Genetically engineered CAR T cells expressing artificial receptor proteins are increasingly used in the clinic to boost the immune system’s response against leukemias and other cancers. Researchers at Lausanne University Hospital and University of Lausanne, and at Center for Human Immunology Lausanne, have now adapted this approach to suppress the immune system’s response to a common birch pollen allergen. The investigators developed regulatory T cells (Tregs) armed with chimeric allergen receptors (CAlleR Tregs), which in tests reduced or preventing asthma symptoms in mice sensitized to the allergen. The team suggests that their technique could eventually be used to treat a wide variety of allergies in humans.

“Our study provides proof-of-concept and preclinical evidence that CAlleR Tregs redirected against a birch pollen allergen can downmodulate birch pollen–induced allergic asthma,” said study lead Yannick D. Muller, MD, PhD, an associate professor at Lausanne University Hospital and the University of Lausanne.

Muller and colleagues reported on their study in Journal of Experimental Medicine (JEM) in a paper titled “Chimeric allergen receptor regulatory T cells suppress birch pollen allergic airway inflammation,” concluding “These findings unveil a novel mechanism for targeting soluble antigens and highlight the potential of CAlleR Tregs to prevent and treat severe allergies.”

Asthma affects over 300 million people worldwide, around 60% of whom suffer from allergic asthma. Allergens trigger an immune response in a patient’s airways, causing inflammation, excessive mucus production, and difficulty in breathing. “Allergic asthma is driven by an exacerbated type 2 immune response, characterized by the overproduction of IL-4, IL-5, and IL-13 by Th2 cells,” the authors explained. These cytokines trigger events that ultimately result in airway hyperresponsiveness, and airway mucus plugging, which is the primary cause of death in asthma.

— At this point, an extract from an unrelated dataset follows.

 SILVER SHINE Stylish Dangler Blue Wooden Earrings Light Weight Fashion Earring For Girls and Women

Allergen immunotherapy (AIT), which involves the administration of gradually increasing doses of allergen, is the only treatment that addresses the underlying cause of asthma. Yet, it is not recommended for patients with severe asthma, representing the most vulnerable population at greatest risk of asthma-related morbidities and mortality. “This highlights the need for new, safe, and durable treatments for restoring allergen tolerance in severe allergic asthma,” Muller commented.

Regulatory T cells (Tregs) are immune cells that can dampen the body’s immune responses and prevent excessive inflammation. Tregs are being investigated as potential therapies for a variety of inflammatory and autoimmune disorders. “Importantly, Tregs can be expanded ex vivo and reinfused with multiple clinical trials evaluating their potential in autoimmune and inflammatory disorders,” the team continued. “However, Treg therapy has shown only limited efficacy, which has been mostly attributed to the lack of antigen specificity.”

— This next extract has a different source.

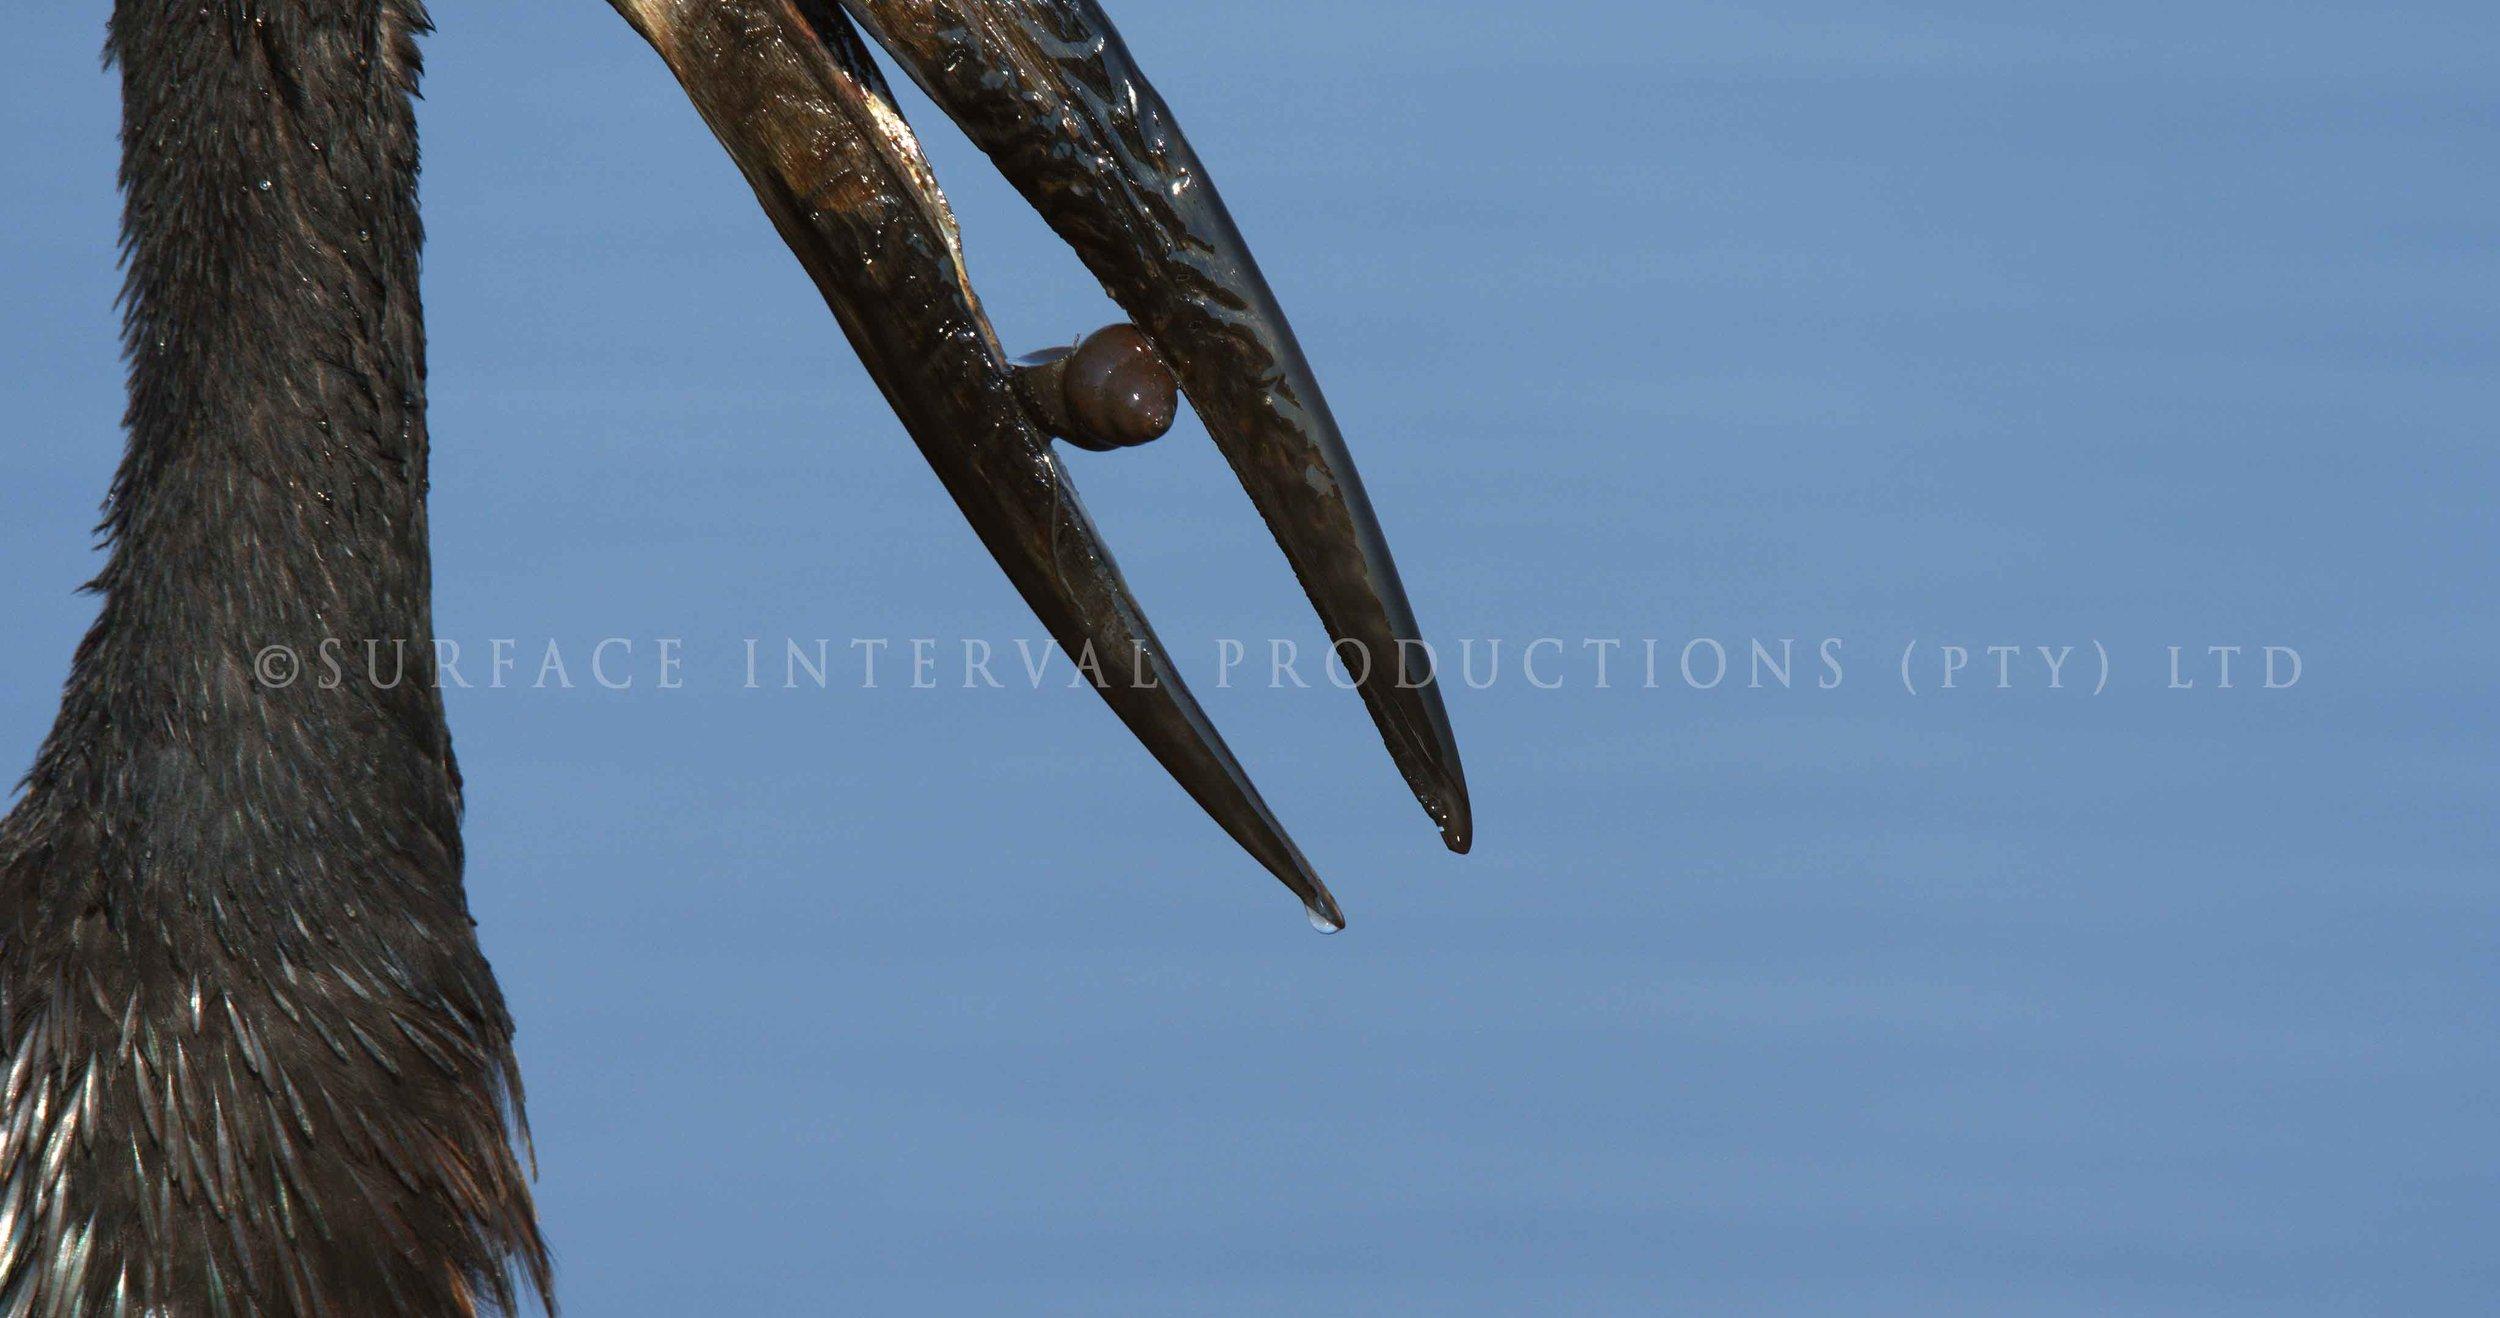 Openbill stork 003s.jpg

Muller and colleagues wondered whether they could boost the therapeutic potential of Tregs by genetically engineering them to express receptor proteins that recognize specific allergens. This approach is analogous to the CAR T cell method that is now commonly used to treat cancers: cytotoxic T cells are engineered to express chimeric antigen receptors that specifically recognize proteins on the surface of cancer cells, directing the immune system to attack and kill the tumor cells.

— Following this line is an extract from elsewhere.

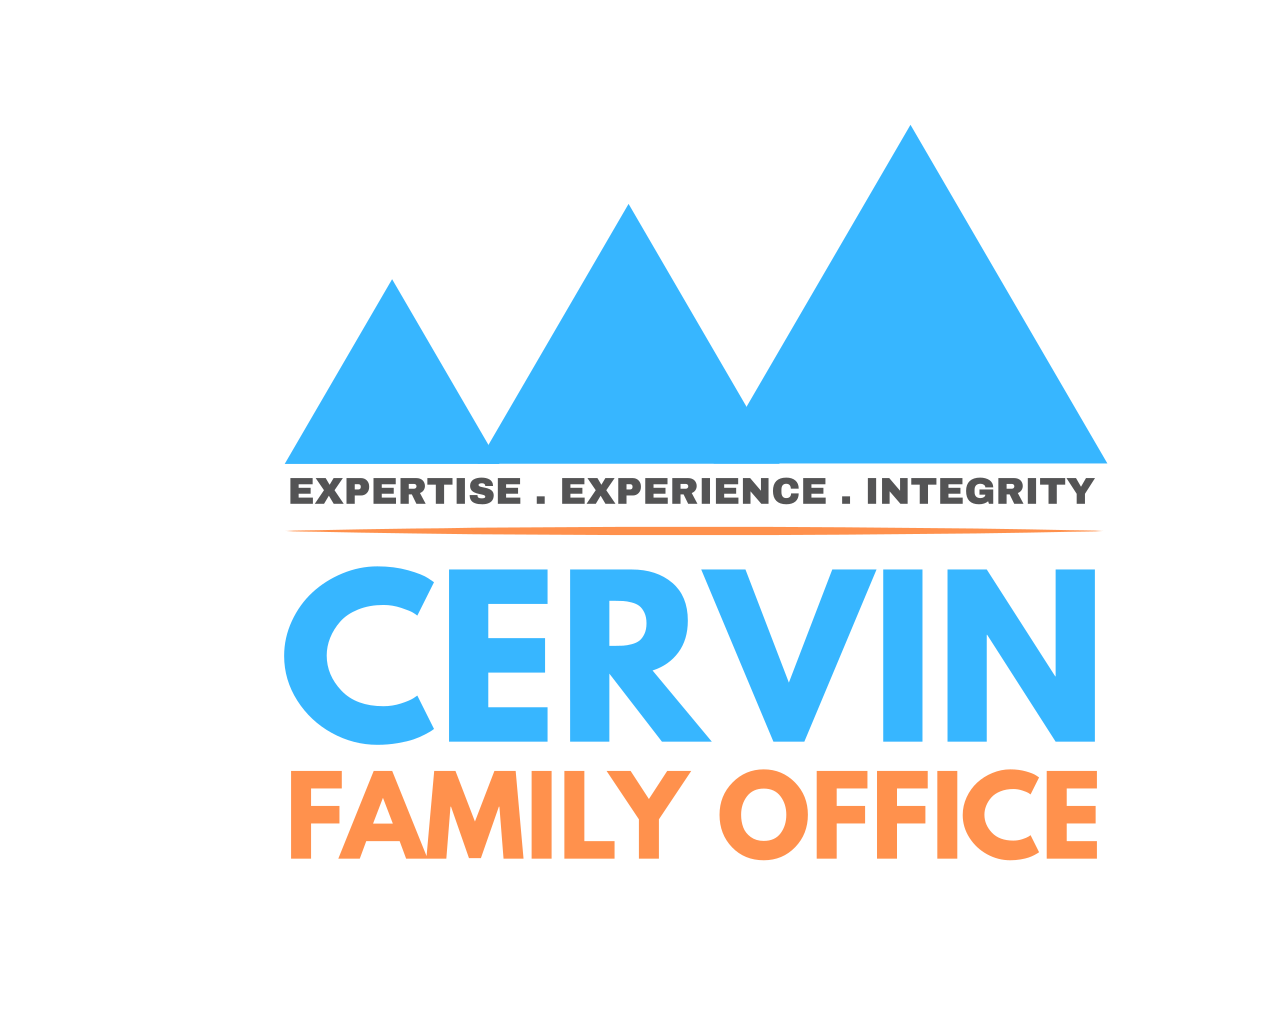 Cervin Family Office

A leading cause of allergic asthma is birch tree pollen, to which 8–16% of the European population are sensitive. The birch allergen Bet v1 is the most abundant allergenic protein, the authors commented. And while AIT for birch pollen–associated rhinitis and asthma has been shown to be effective, it is contraindicated for patients with severe and uncontrolled asthma. “This highlights the unmet need for new, safe, and durable treatments for restoring allergen tolerance in severe allergic asthma.”

Muller’s team constructed chimeric allergen receptors (CAlleRs) that specifically recognize the Bev v1 component of birch tree pollen. These CAlleRs were based on antibodies isolated from a birch-allergic patient, linked to protein signaling domains that can activate Treg cells. “We identified and characterized four novel anti–birch-specific antibodies and generated single-chain variable fragments (scFvs) fused to a CD28-ζ signaling domain,” the investigators noted.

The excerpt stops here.